息を詰めずに、深く穏やかな腹式呼吸を保ちながら文章が書けたら、きっと良いものになるだろうに、
などと思いつつ「言葉の紳士録」を書きとめてみる。
***
〇 人いきれ
「いきれ」って何だ?
「熱れ」または「熅れ」と書くらしい。
「蒸されるような熱気。むし熱さ。ほてり。いきり。
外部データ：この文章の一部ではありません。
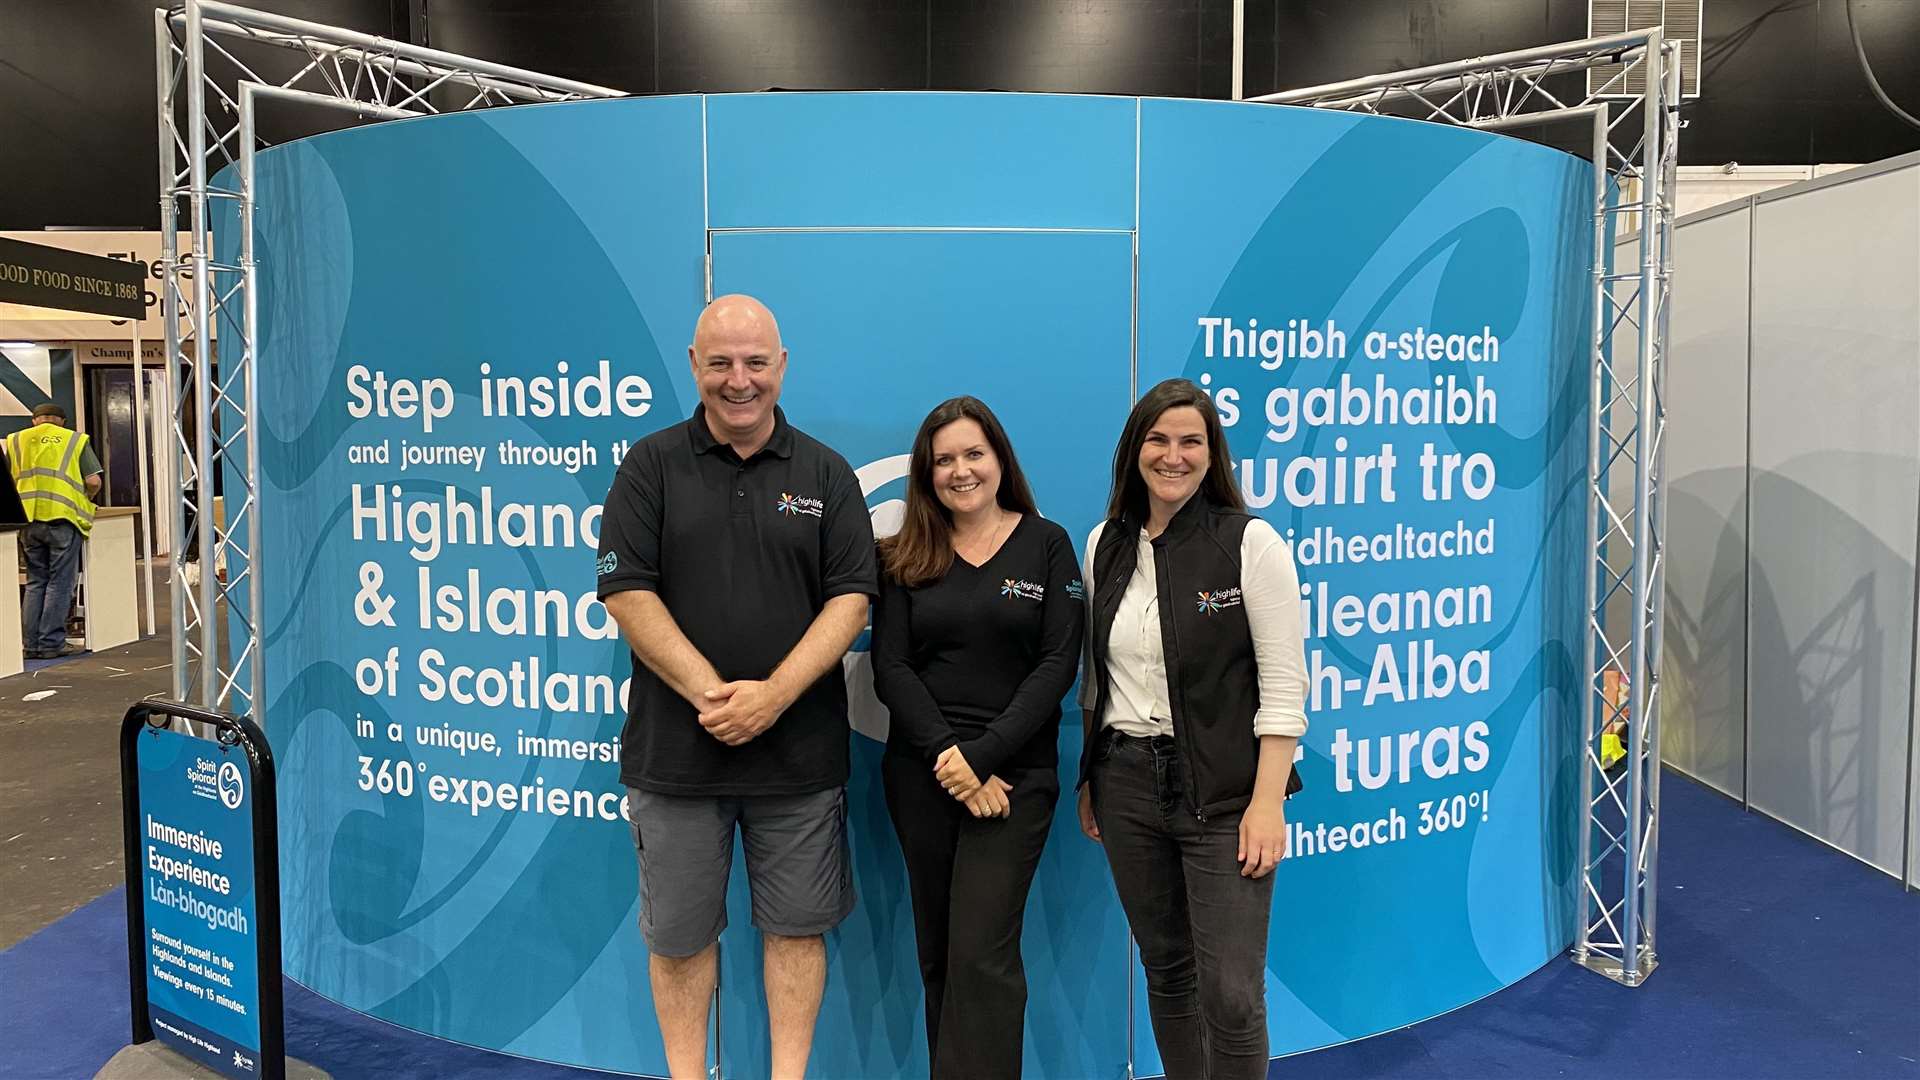 Liam Christie, Mary-Dawn Mohun and Stephanie Reith, working on the Spirit of the Highlands Islands project and will be at the show.

」(大辞林3版)
対応する動詞に二型あり。
① いきる(熱る、熅る)
1)熱気を帯びる 2)息まく、勢い込む
② いきれる(熱れる、熅れる)
熱くなる、熱気でむっとする。
「いきり立つ」などというのは ①-2)から来ているのだな。
こう眺めてみて、「いき(息)、いきる(生きる)」の系列との連想が働くのは自然というものだろう。
人が生きている間は、「いき(息)」をしており、「いきれ(熱れ)」ている。
呼吸と体温は生存徴候としていずれ劣らず重要なものだが、その二つを表わす言葉が酷似しているわけだ。
「いきむ(息む)」と「いきる(熱る)」の類似も面白い。
息をつめて力みかえることと、熱をおびて息まくこと。
同時に観察されることも多いだろう。
「人いきれ」と「草いきれ」、他にもっとないかな、「いきれ」の眷属。
***
〇 ウツツを抜かす
ブログを書き、碁に入れ込む己の姿だ。
ウツツはもちろん「現」なんだろう。
そもそもウツツという音の由来を知りたいものだが、さしあたり意味について。
これは「現実世界」すなわち外界の属性と思いこみそうだが、むしろ人の意識や心的内界の状態を表わすものである。
「目が覚めている状態」「正常な心の状態、正気、本心」「生きている状態」などである。
その「現」を「抜かす」ということは、「正気を失う」「意識をなくす」といった意味か。
類似のものに「現無し(うつつなし)」という言葉がある。
① 正気を失っているさま、ぼんやりと放心しているさま
② しっかりした判断力がないこと
と解説されている。
ウツツの抜けた状態がウツツ無しなんだろう。
『徒然草』112段、例の激しいくだりに用例あり。
この心を得ざらん人は、物狂いともいへ、現無し、情けなしとも思へ、毀るとも苦しまじ、誉むとも聞き入れじ。
この境地に至りたいものだ。
漢語に依らず、大和言葉で精神病理学を構築できないかと思ったりするのだが、それが実現した暁には、「ウツツ」は主体の内的状態を表わすものとして大事なキーワードになるだろう。
待てよ、「主体の状態」というより、「主体と外界の関係のあり方」というべきかもしれない。
こいつは面白そうだ。
***
〇 わからず屋
珍しくNHKの朝ドラを見ていたら、「わからずや!」という歯切れ良い罵り言葉が出てきた。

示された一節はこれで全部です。